Genetic mutations and gene expression
Although most of the current application of AI in lung cancer has focused on immunohistochemistry there has been some incorporation of ML techniques in gene expression profile analysis. For example, adenocarcinomas which present with mutations that can be targeted with therapies is one area in which ML has been applied to better understand genomic pathways and potentially identify other actionable biomarkers downstream.48 With major improvements in genomic sequencing through commercial platforms such as NGS, the presence of more data points and pathways will improve ML analyses to aid clinicians in selecting appropriate treatments and gaining better understanding of the tumor biology and potential outcomes including risk for metastatic potential.49
In work by Cook et al.,50 a novel ML algorithm was used to sub-classify lung adenocarcinoma and lung squamous cell carcinoma. This facilitated identification of novel mutations, such as PIGX (an oncogenic driver in breast cancer) worthy of future investigation. This research specifically harnessed a sub-type of ML algorithms called unsupervised learning, that searches for commonalities and patterns without assigning specific labels as part of a classification problem, which is what enabled identification of potentially novel mutations.
Treatment
AI has also been applied to treatment decision making. A clinical decision support system (CDSS) is a tool to assist physicians in making clinical decisions on the basis of analyses of multiple data points on a particular patient. Watson for Oncology (WFO) is one example of a CDSS that has been applied to the treatment management of lung cancer. A study comparing decisions made by WFO to a multidisciplinary team found relatively high concordance in recommendations for early stage and metastatic disease (92.4%–100%) but lower rates of concordance in stage II or III (80.8%–84.6%).51 Therefore, although there is room for improvement for decision support, these tools will be critical for standardizing lung cancer treatment across available treatment options and disciplines, thereby enhancing outcomes.
Medical oncology
Drug discovery
A primary area in which AI can benefit medical oncology is drug development. A major challenge for the oncologic pharmaceutical industry is optimization of drug development and in silico drug screening. Drug development can be timely and costly, not to mention the possibility that the required investment ultimately proves futile because of lack of efficacy in human trials.

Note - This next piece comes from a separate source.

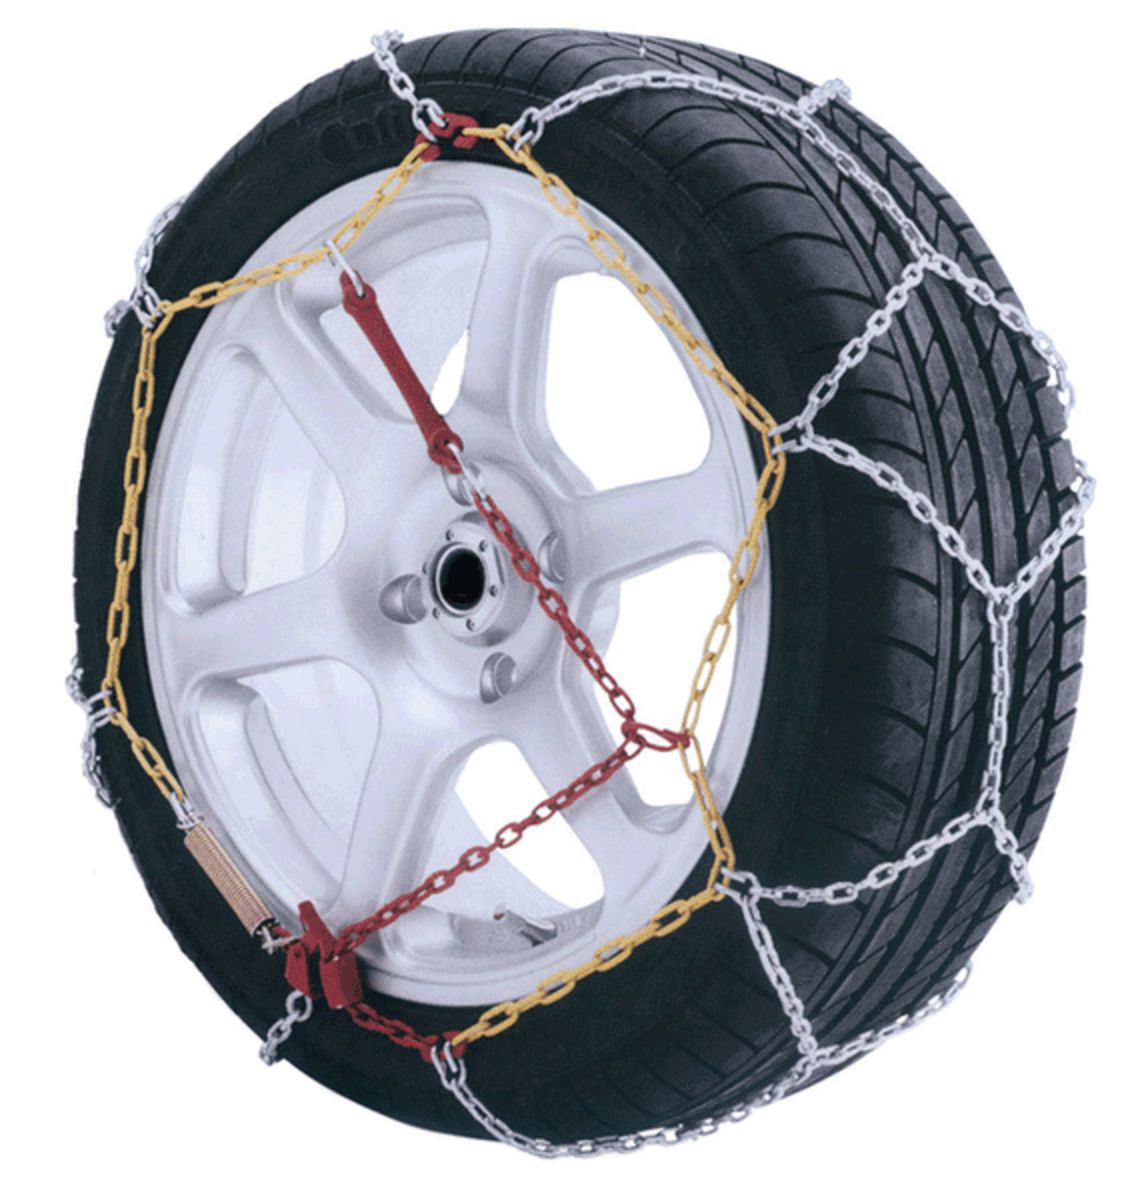 Chaine neige 9mm pneu 235/45R15 montage rapide sécurité garantie

AI offers the potential to support drug development in two ways: it can be used to screen previously developed drugs for new uses,52 and it can help identify potential drug candidates worthy of further investigation before undergoing years of research requiring millions of dollars.53 In work by Li et al.,54 transcriptomic and chemical structures were used as inputs into a DL algorithm intended for drug repurposing. Using this algorithm, pimozide, an anti-dyskinesia agent previously used for Tourette’s disorder, was identified as a strong candidate for treatment of NSCLC. The authors further validated these finding in in vitro experiments, demonstrating efficacy against certain NSCLC cell lines.
Response prediction
Work is ongoing to use AI tools to predict response to immune checkpoint inhibitors and targeted therapies. For immunotherapy, Charoentong et al.55 performed a pan-cancer, inclusive of lung cancer, immunogenomic ML analysis to predict response to checkpoint inhibitors. They used this approach to generate an “immunophenoscore,” which outperformed PD-L1 expression for predicting response to immunotherapies in certain histologies. ML applications in predicting failure have also been applied to patients undergoing targeted therapies. Kureshi et al.56 applied ML, specifically SVM and decision tree classifiers, to evaluate multiple factors in predicting tumor response in EGFR positive NSCLC receiving erlotinib or gefitinib and found a predictive accuracy of the data-driven decision support model of 76% and an AUC of 0.76. Overall, these data support use of AI to optimize systemic therapy selection in lung cancer, where the range of options, particularly in the metastatic setting, is quite broad.
Radiation oncology
Treatment planning
In addition to aiding with interventions that improve outcomes, AI might also be used to streamline treatment workflows. Radiation oncology in particular is an example of a field that is resource intensive. Treatment of patients requires, at minimum, CT simulation, delineation of organs at risk (OARs), definition of target volumes, treatment plan optimization, plan evaluation, and quality assurance. Many of these tasks are repetitive, and their burden could be reduced by AI, leading to shorter durations between consultation and delivery of the first fraction.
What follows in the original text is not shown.